The court ruled unanimously Wednesday in a case involving the 1935 sale of a collection of medieval Christian artwork called the Guelph Treasure.
The heirs of the art dealers contended the sale of the works, now said to be worth at least $250 million, was done under pressure. Germany disagreed and argued that the case did not belong in the American legal system.
The justices said the heirs had not at this point shown that federal law allowed them to bring their case in U.S. courts. The court sent the case back for additional arguments.
Writing for the court, Chief Justice John Roberts said that law does not cover what a foreign country does to property belonging to its own citizens within its own borders.
"As a nation, we would be surprised - and might even initiate reciprocal action - if a court in Germany adjudicated claims by Americans that they were entitled to hundreds of millions of dollars because of human rights violations committed by the United States government years ago," Roberts wrote.

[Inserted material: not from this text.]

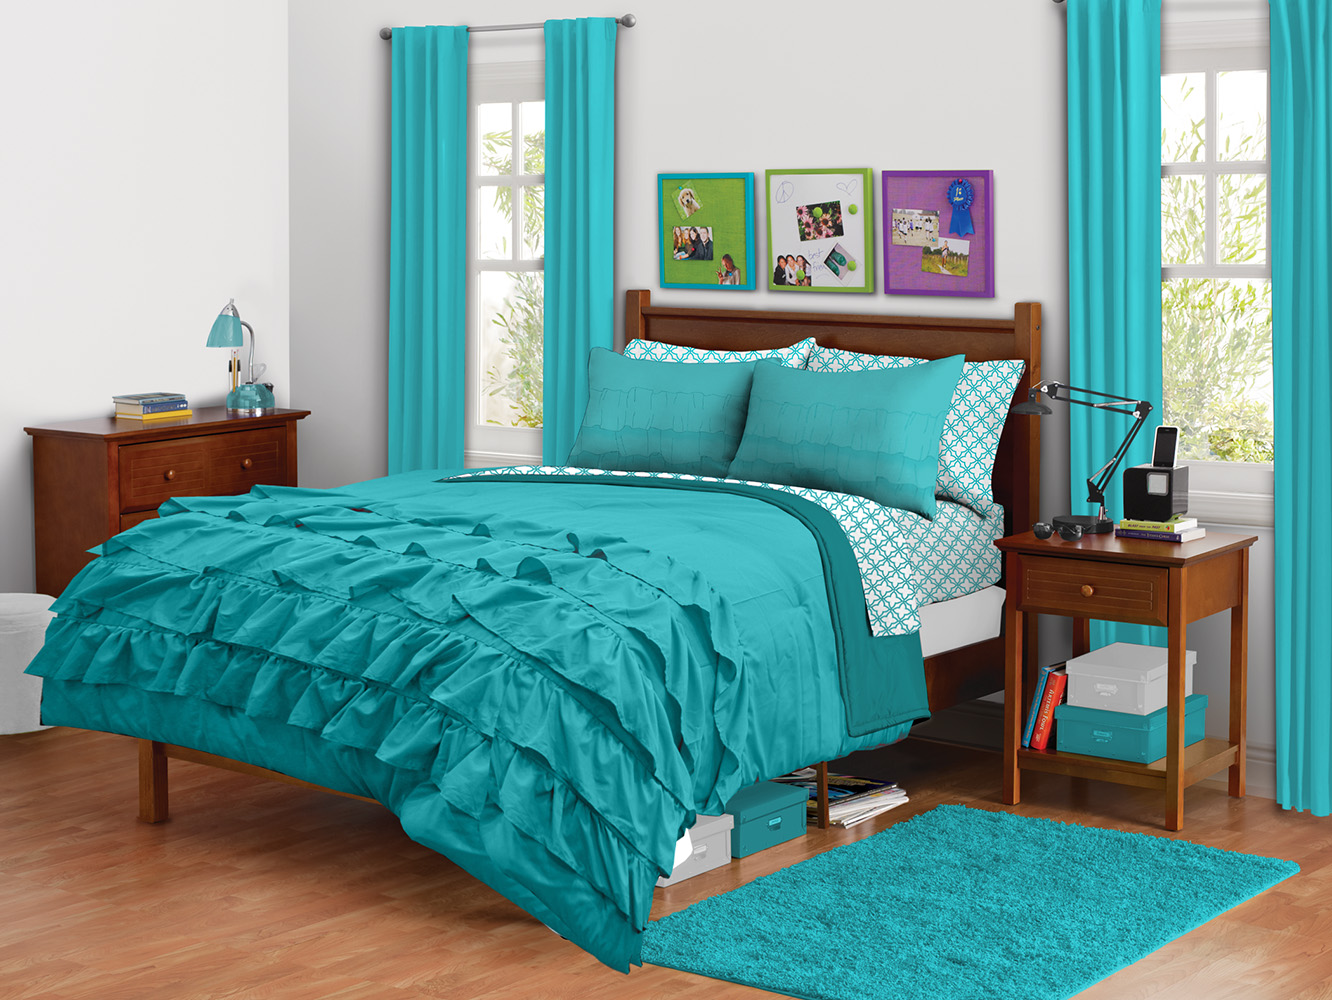 Free Download Comforter Set Turq Bedroom Accessories Walmart

A visitor looks at the the cupola reliquary of the Guelph Treasure in Berlin. (Photo: TPS)
"There is no reason to anticipate that Germany's reaction would be any different were American courts to exercise the jurisdiction claimed in this case," Roberts added.
Because of that ruling, the Supreme Court also sent a similar case involving a group of Hungarian Holocaust survivors back to a lower court. They were seeking to be compensated for property taken from them and their families when they were forced to board trains to concentration camps.
The Prussian foundation's own investigation found that the sale was a "voluntary, fair-market transaction," and a German commission that looks into Nazi-looted art agreed that it was not made under duress and the price reflected the Great Depression's effect on the art market.